Just as I wrote in Using a jumpbox in ssh it can also come in handy to use a jumpbox with subversion.
A jumpbox is an in between server which you use to tunnel traffic through, because the end point is somehow not reachable directly. In this case we migrated to a new internet connection in our office. Which brought in a Zyxel modem/router. Our company's subversion server is internal to the network. And somehow the Zyxel messed things up when we tried to reach our internal subversion server from within our own network, so we looked into the possibility of using an external box as a hop, in between connecting to our internal svn server. (update: we managed to fix this on the router.)
Subversion allows for what are called tunnels which can be used by checking out using svn+[tunnel_name] as the protocol identifier. Tunnels are defined in the [tunnels] section of ~/.subversion/config. Actually this is the mechanism that is used for svn+ssh, but since svn+ssh is used so often it doesn't require an explicit entry in the [tunnels] section. If it did it would look like this:
[tunnels] ssh = $SVN_SSH ssh
Subversion uses a standard mechanism for creating tunnels, which is actually quite simple. It assumes that a certain command will accept the hostname in the svn url and the svnserve -t command to be run on the remote machine:
<command> <hostname> svnserve -t
All the tunnels section defines is aliasses for the <command> part. So doing svn co svn+ssh//[hostname]/ just runs ssh [hostname] svnserve -t.
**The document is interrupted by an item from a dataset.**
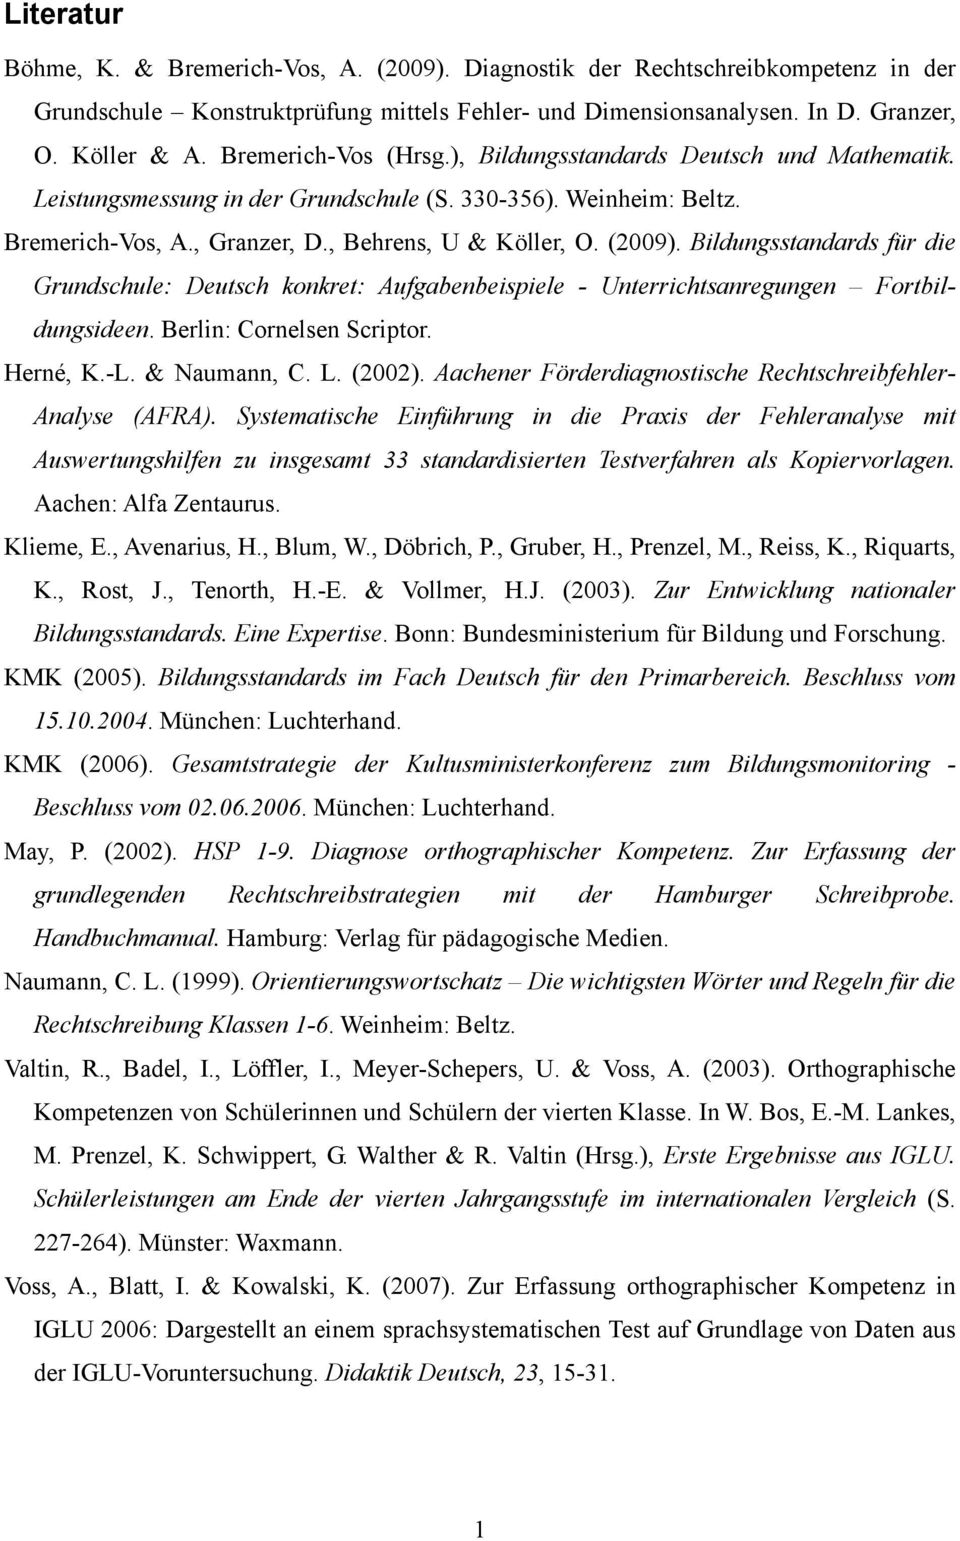 Bildungsstandards für die Grundschule: Deutsch konkret: Aufgabenbeispiele - Unterrichtsanregungen Fortbildungsideen. Berlin: Cornelsen Scriptor. Herné, K.-L. & Naumann, C. L. (2002).

Now to instruct subversion to tunnel the svn connection through an in between box, just configure a tunnel called my_tunnel like this:
[tunnels] my_tunnel = /usr/bin/ssh -A [hostname or ip of jumpbox] ssh -A -p [port] -l [username]
Note: The first ssh command is the one used to connect to the jumpbox. The second ssh command is used to connect from the jumpbox to the subversion server.
Now all you have to do is svn co svn+my_tunnel://[hostname]/[path_to_svn_repo] and you are tunneling the subversion traffic through your jumpbox.